**PROVIDED DATA**
-.-.-
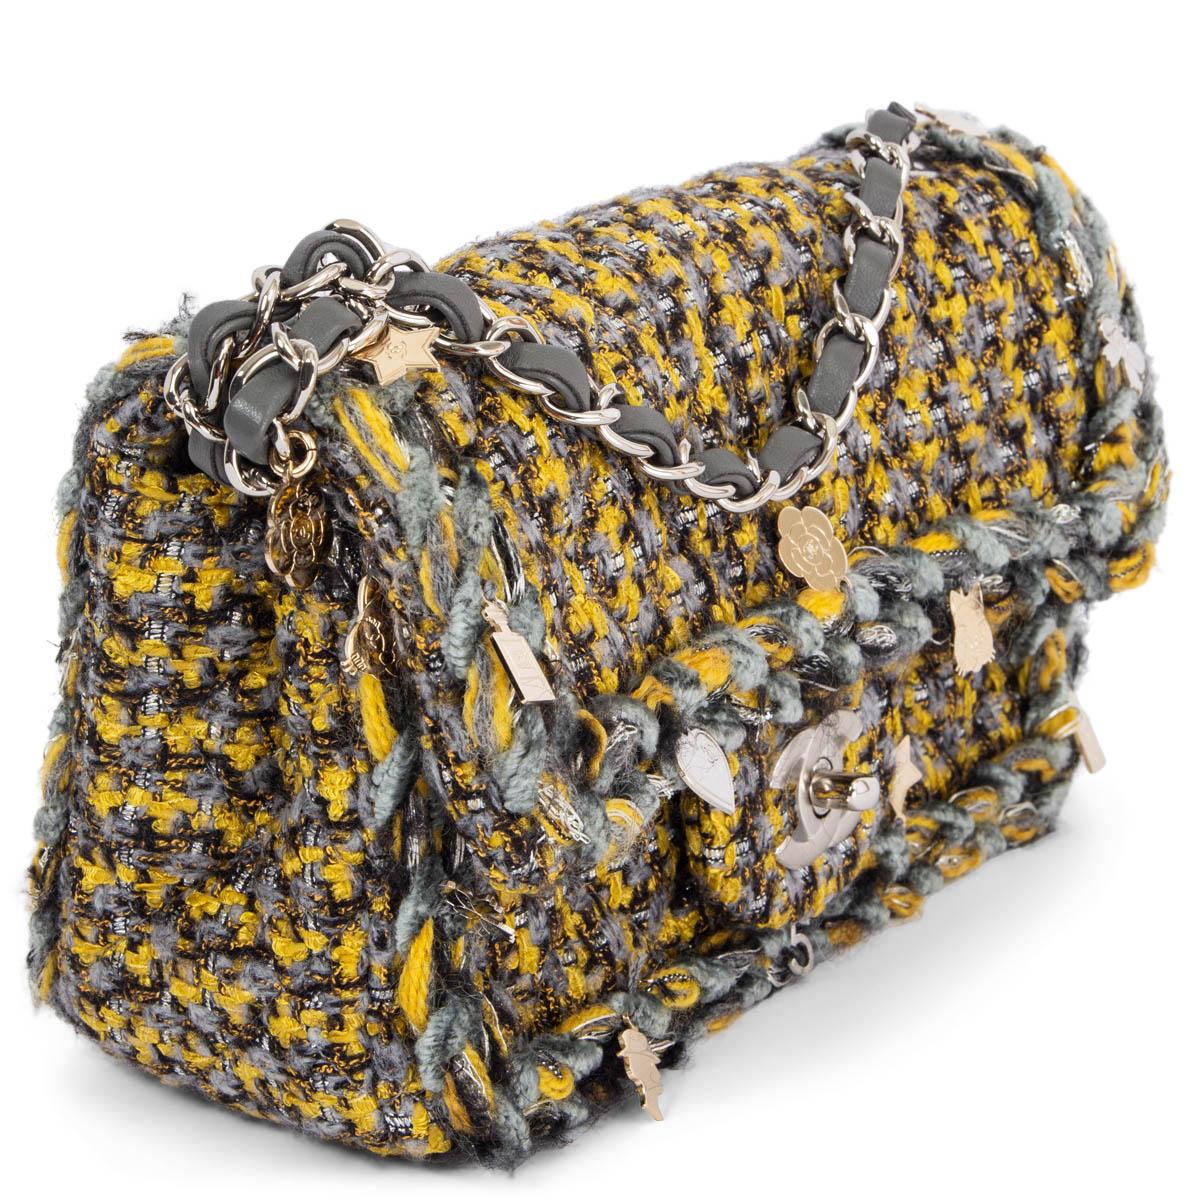 100% authentic Chanel 2017 Charms Tweed Small Flap shoulder bag in chartreuse, grey and black tweed fabric with a braided trim that is embellished with beige-gold and silver-tone charms. The bag features a silver-tone CC turn-lock and chain shoulder
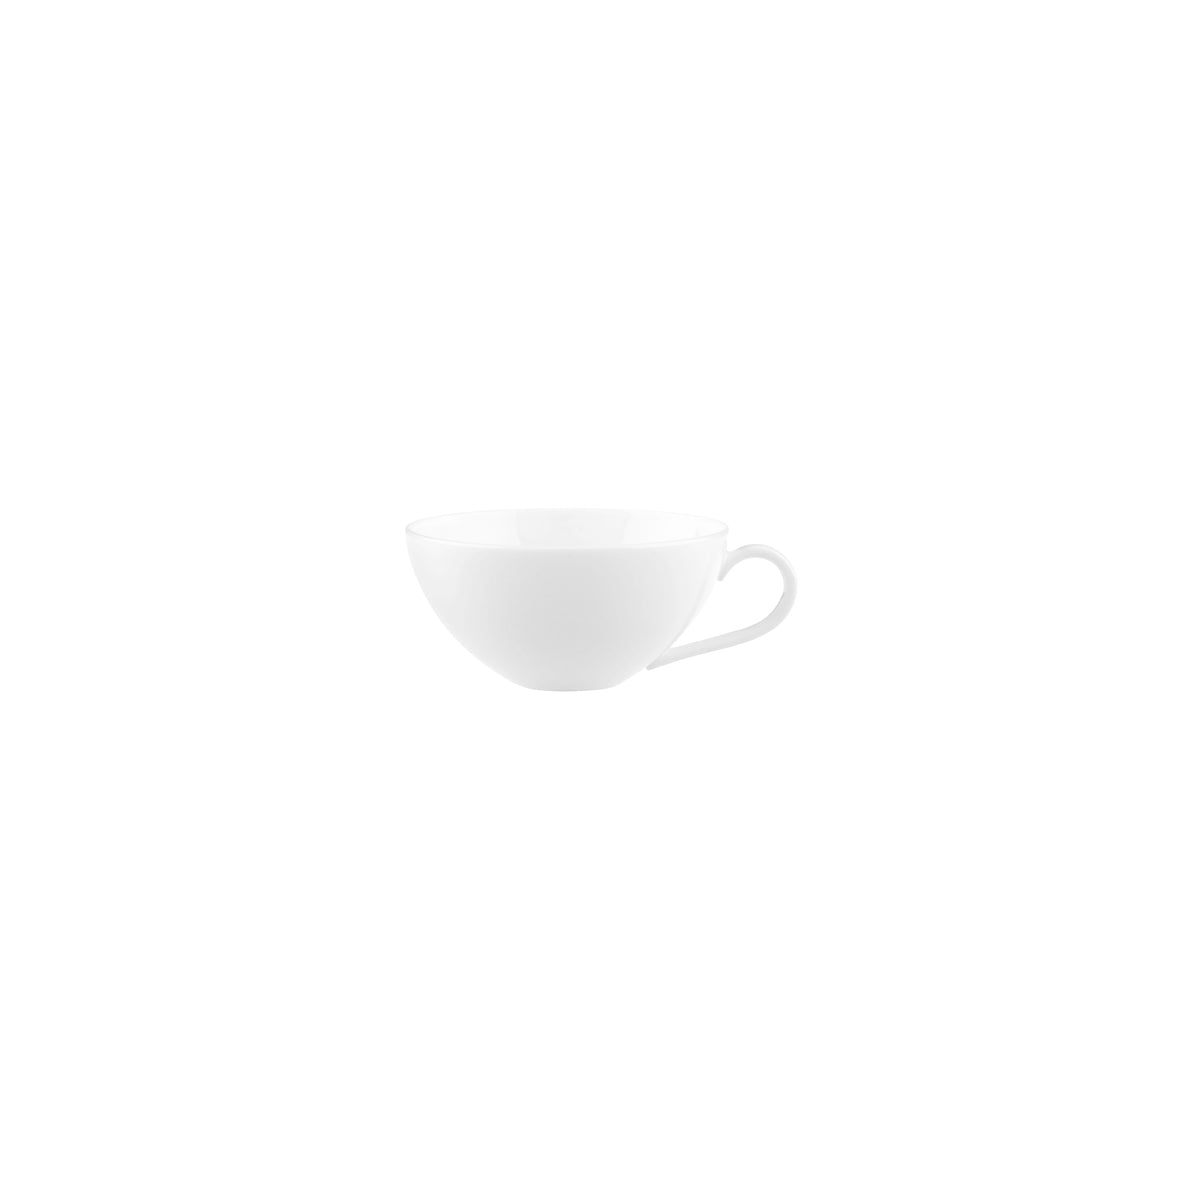 VB16-3272-1273 Villeroy And Boch Villeroy And Boch Stella Hotel White Cup 200ml Tomkin Australia Hospitality Supplies
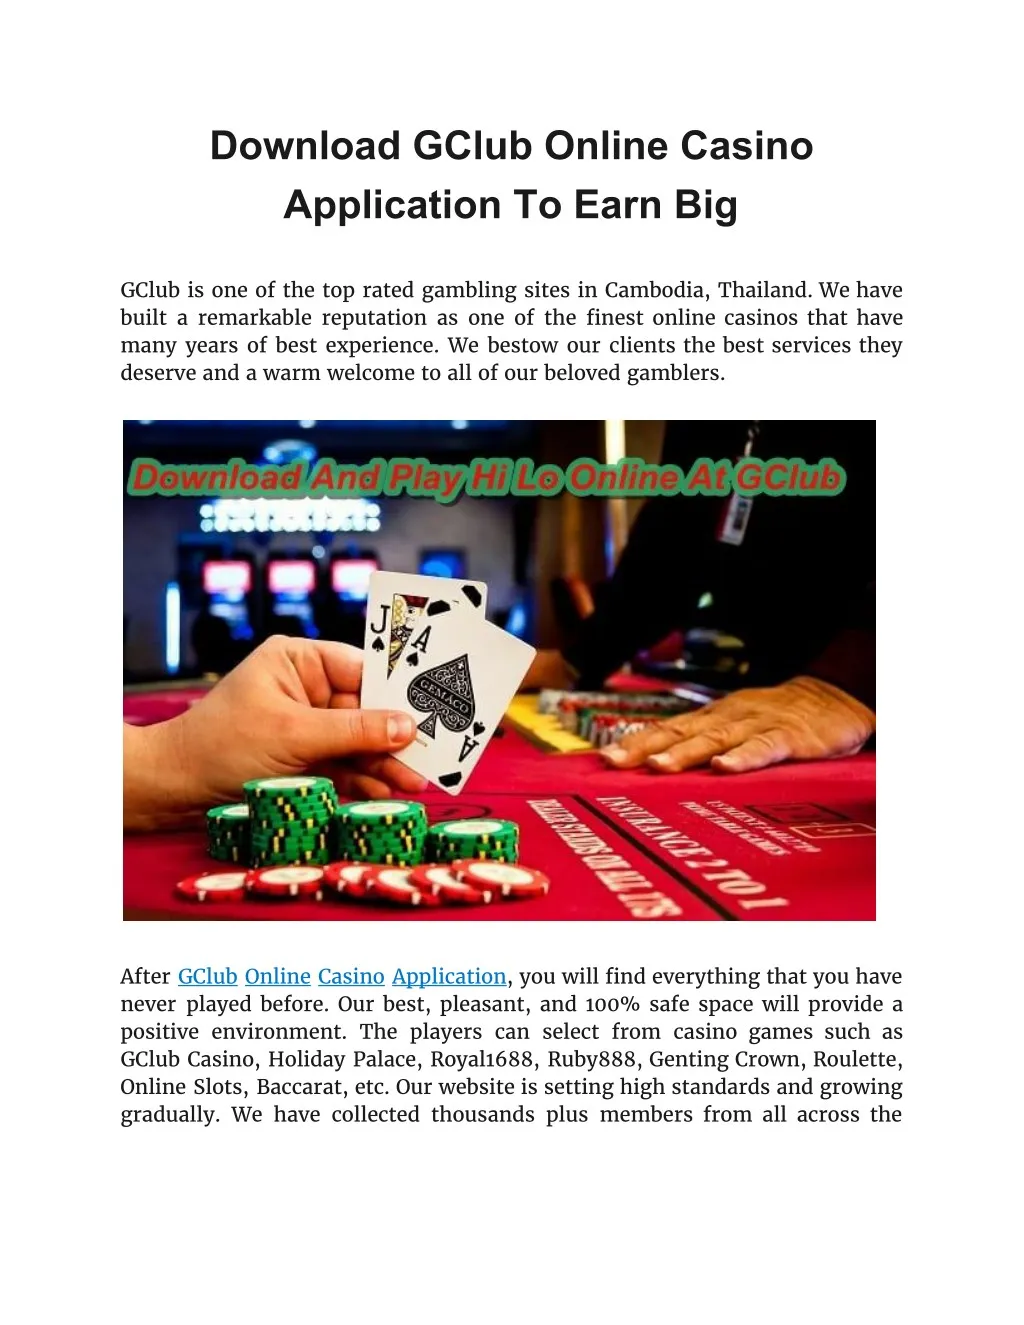 download gclub online casino application to earn
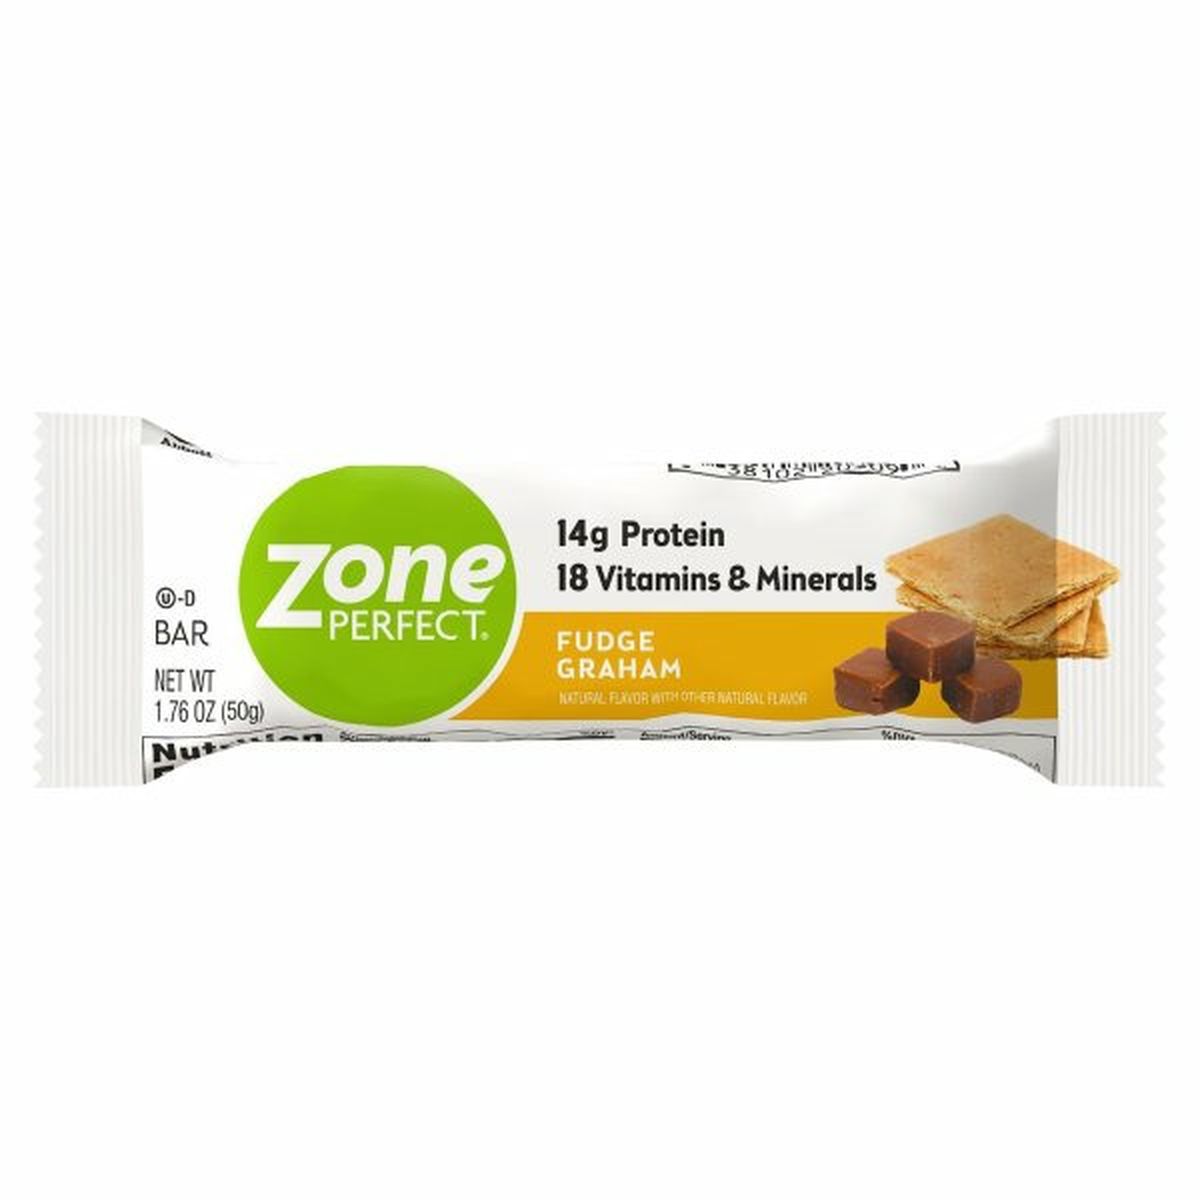 Calories in ZonePerfect Nutrition Bar, Fudge Graham
-.-.-
**WHAT THE EXERCISE ASKS**
Please write out the lines above exactly, from the one that contains "VB16-3272-1273 Villeroy And" through the final line, and include none of the pictures.

**EXERCISE RESPONSE**
 VB16-3272-1273 Villeroy And Boch Villeroy And Boch Stella Hotel White Cup 200ml Tomkin Australia Hospitality Supplies
 download gclub online casino application to earn
 Calories in ZonePerfect Nutrition Bar, Fudge Graham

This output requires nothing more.